"Calculate the pH of 0.10 mol/L aqueous solution of aluminum sulfate."
I am also given the ka value for the aluminum ion (9.8x10^-6)...but I don't know why I need it. I'm not even sure if I need to use it. Help please?
Oops! Sorry, I figured it out. But I still need help...I'm not clear on the process.
Does it give you the equation for the Al hydrated ion. Something like
Al(H2O)6+3 ==> Al(H2O)5(OH^-)^+2 + H^+
So you st up and ICE chart and solve for H^+ and convert to pH.
Sorry, I have a question within a question. I think the ka value for the aluminum ion is used for when we have a solution like AlCl3, right? When you dissociate it, the Cl ion has a very large ka value...so we use the ka for Al instead?

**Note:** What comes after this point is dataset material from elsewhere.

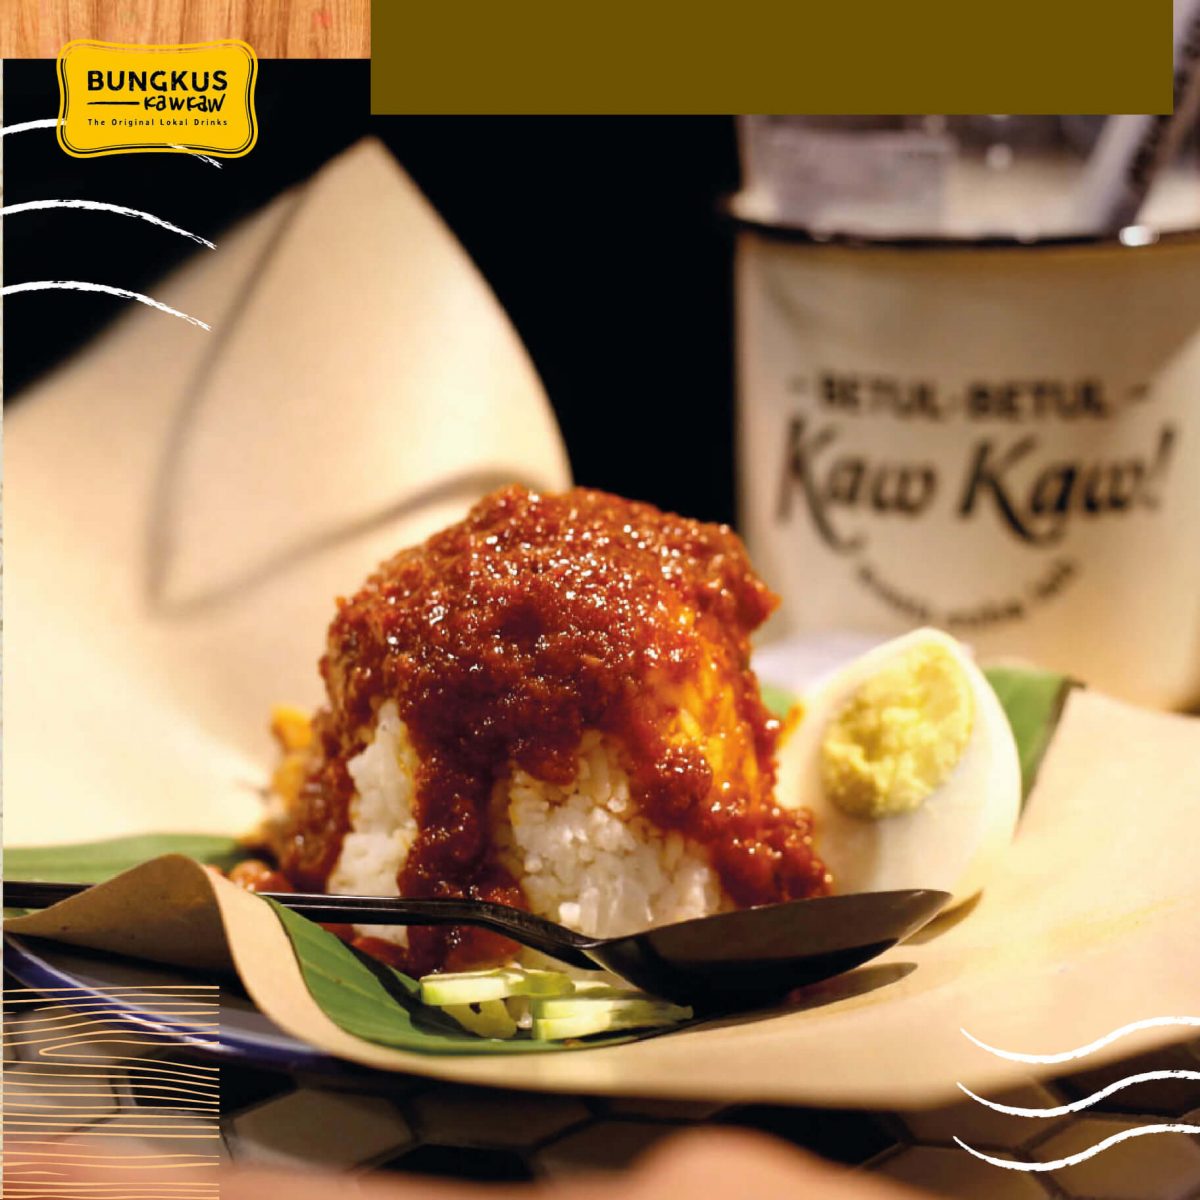 Bungkus kaw kaw - Malaysia’s national dish – Nasi Lemak is a must-try!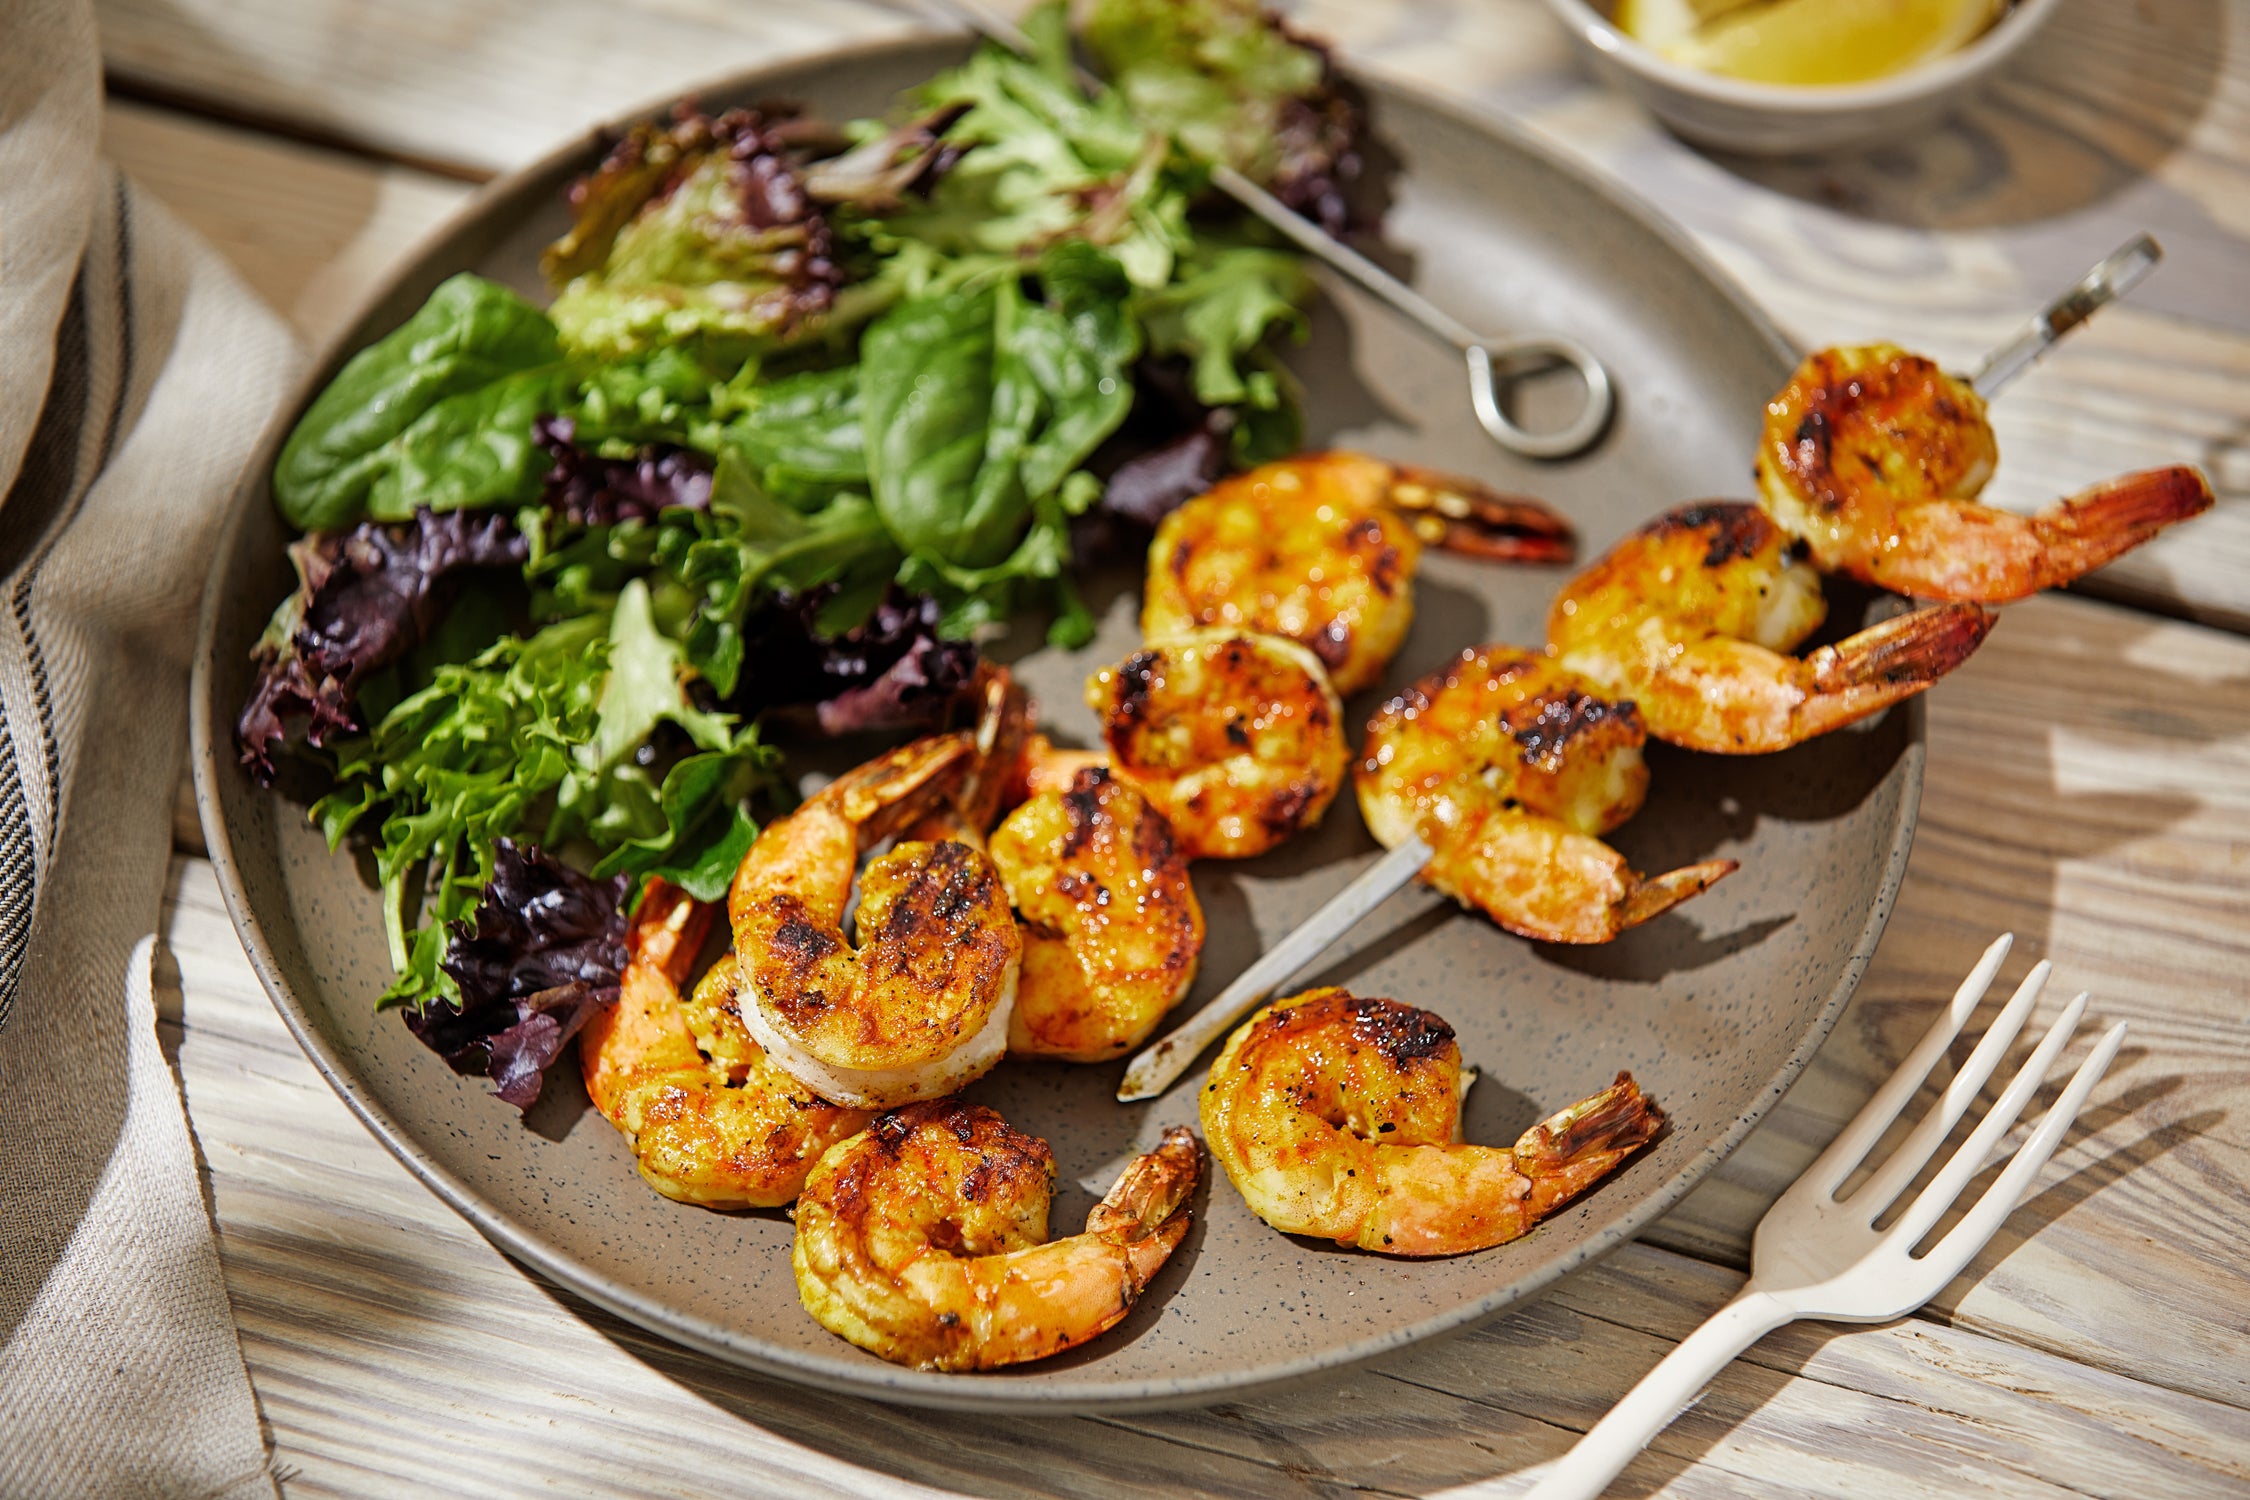 Serve as a tasty and healthy starter or with flatbreads and salad for a main course

I hope I'm making sense. :)
No, it doesn't. But I have it in my notes. Ok, I think I understand how to approach this. Thanks!
Is the initial concentration for Al(H20)6 also 0.10 mol/L?
You're right. It doesn't make sense. Cl^- is a Bronsted-Lowry base BUT a very weak one. It won't even displace H from HOH. The acidity of AlCl3 solutions and Al2(SO4)3 solutions is due to the hydration of the Al^+3 ion and the Ka given in the problem is the one for which I wrote the ionization above although it may have shown H2O as part of the reaction. You work those problem just like the Ka for a weak acid, HA. Note: Gardener's put Al2(SO4)3 in their soil to increase the acidity (lower the pH of the soil) in order to accommodate plants that require an acid soil to grow. Plants like hydrangea (the flowers) actually turn color, pink for acid and blue for basic.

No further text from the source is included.